What is Voi’s strategy for attracting more users onto its app?
FH: Since we began operations in 2018, we’ve grown in leaps and bounds, and learned a lot along the way. We currently provide shared e-scooter services to more than 50 cities in 11 countries across Europe, where we’ve served over 35 million rides to six million users to date. We continually built on our experiences in working with local authorities, scaling e-scooter operations, and committing to the safety and education of all road users to advance micro-mobility.
Our riders are at the centre of our services — through our focus on the research, partnerships, and initiatives that promote safety, rider education, accessibility, affordability, and sustainability. These are the topics that resonate with people, and they play a huge part in retaining and attracting users.
How can companies make MaaS more appealing to consumers?
MG: This is the million-dollar question. We believe that to really get people to use MaaS in “real life”, mobility systems have to be coherent and functional enough to appeal to many people. That means creating digital services that are convenient, flexible, and easy-to-use; offering new innovations that can move us towards climate neutrality, such as mobility budgets (which are popular amongst users and have been proven to help cities and companies meet their sustainability goals); and providing a variety of options so that everybody’s unique needs are met.

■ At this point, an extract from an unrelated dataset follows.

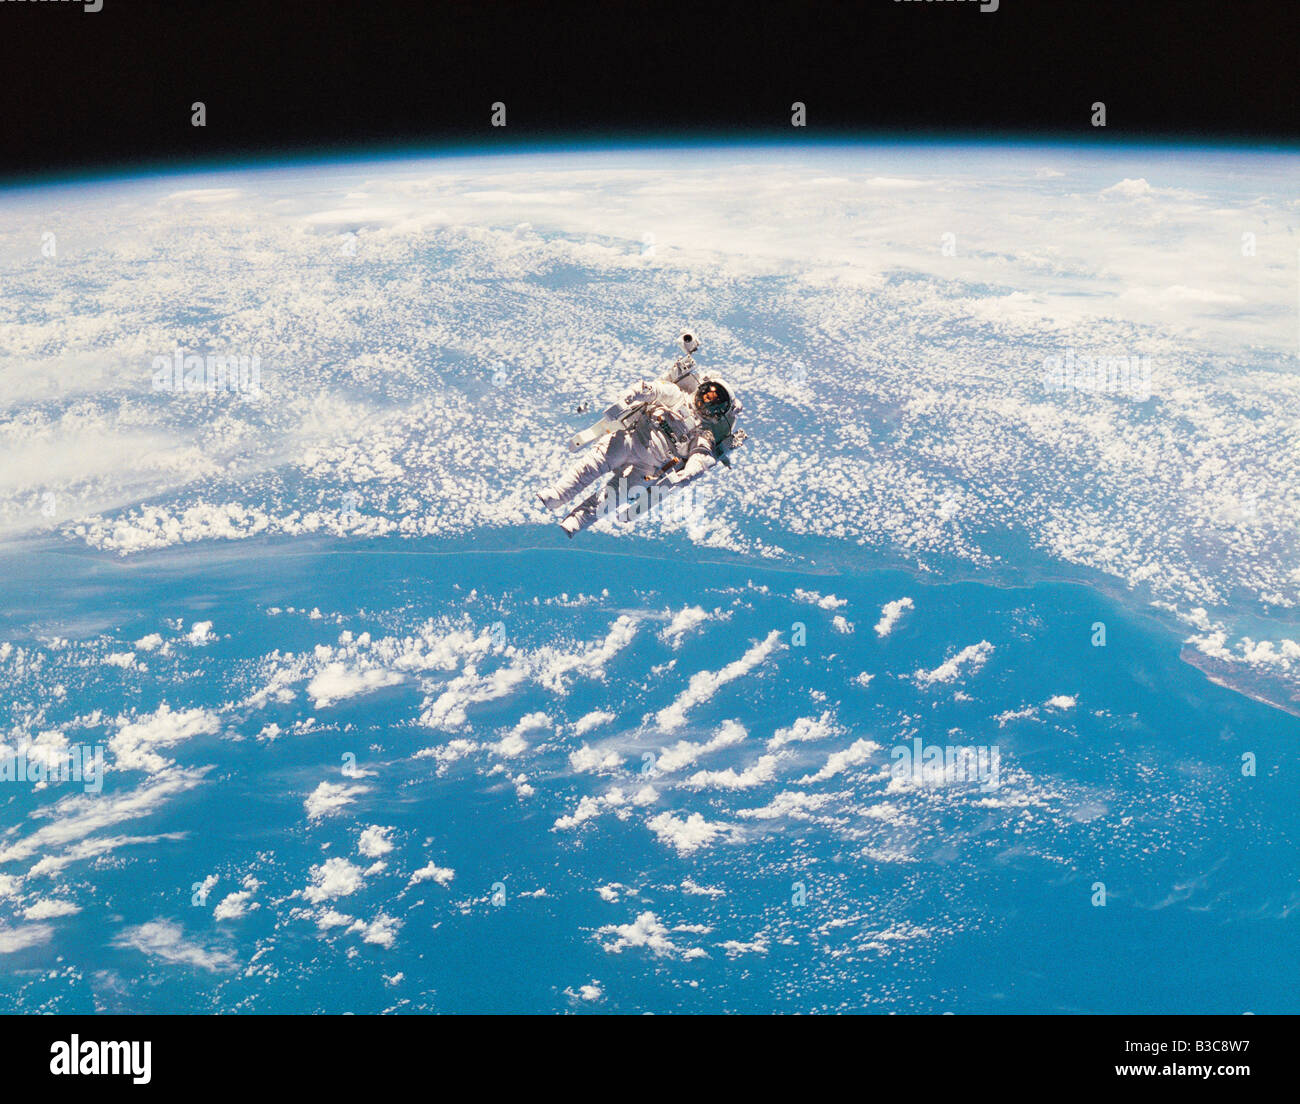 Astronauten im Orbit über dem Planeten Erde in bemannten manövrieren Gerät schweben Stockfoto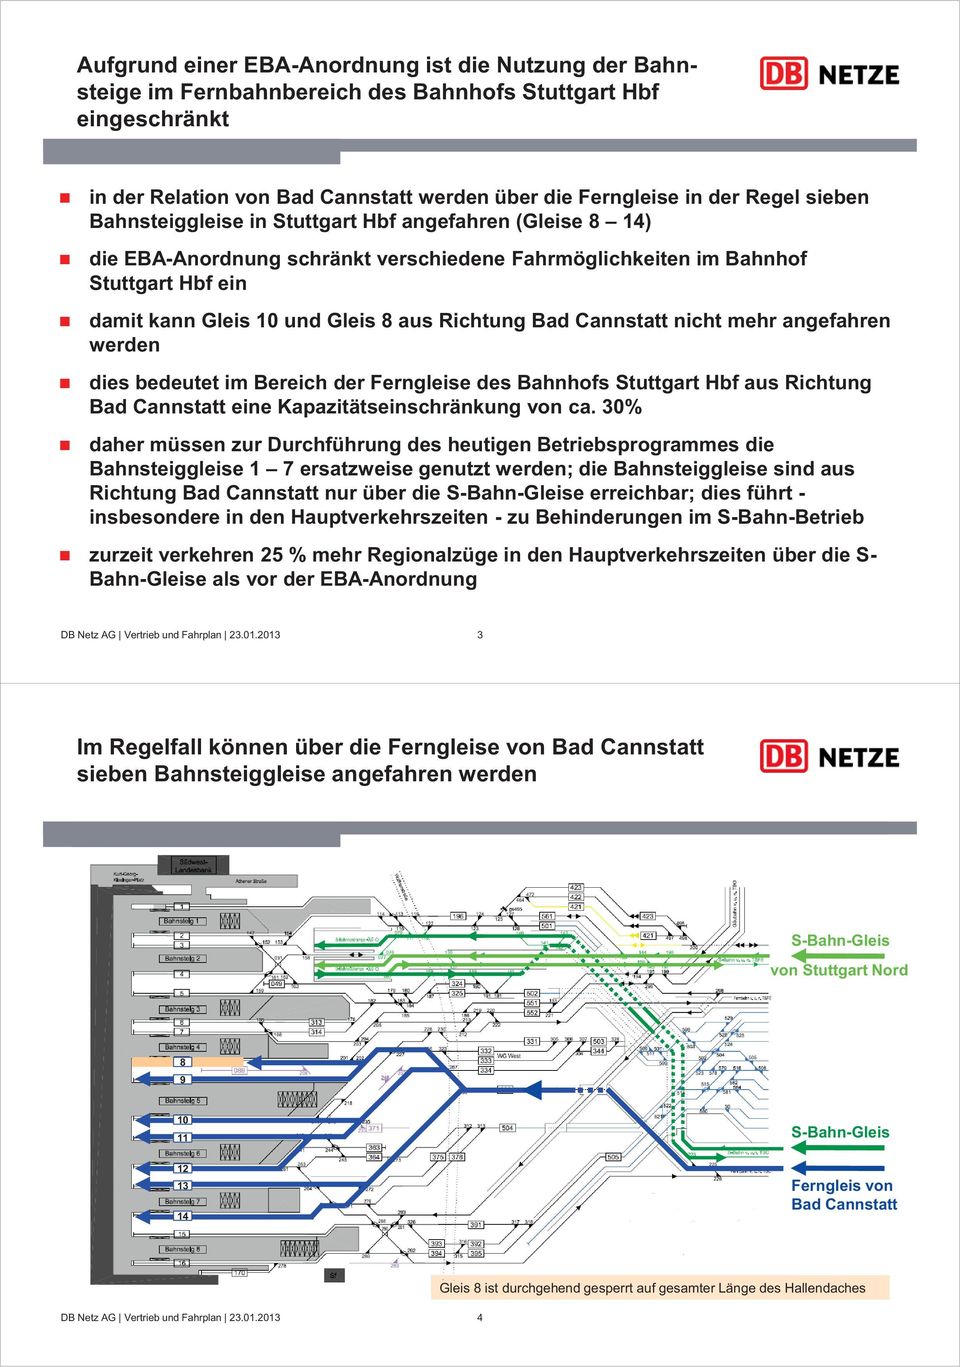 Cannstatt nicht mehr angefahren werden dies bedeutet im Bereich der Ferngleise des Bahnhofs Stuttgart Hbf aus Richtung Bad Cannstatt eine Kapazitätseinschränkung von ca.

This balancing act is a huge part of what we’re working on at Trafi. On the one hand, we’re building MaaS systems that people genuinely enjoy using in their daily lives, and on the other, we’re helping cities reimagine their transport systems to be future-proofed and sustainably designed. In simple terms, we want to make MaaS the best transport option available for the most people possible – including future generations to come.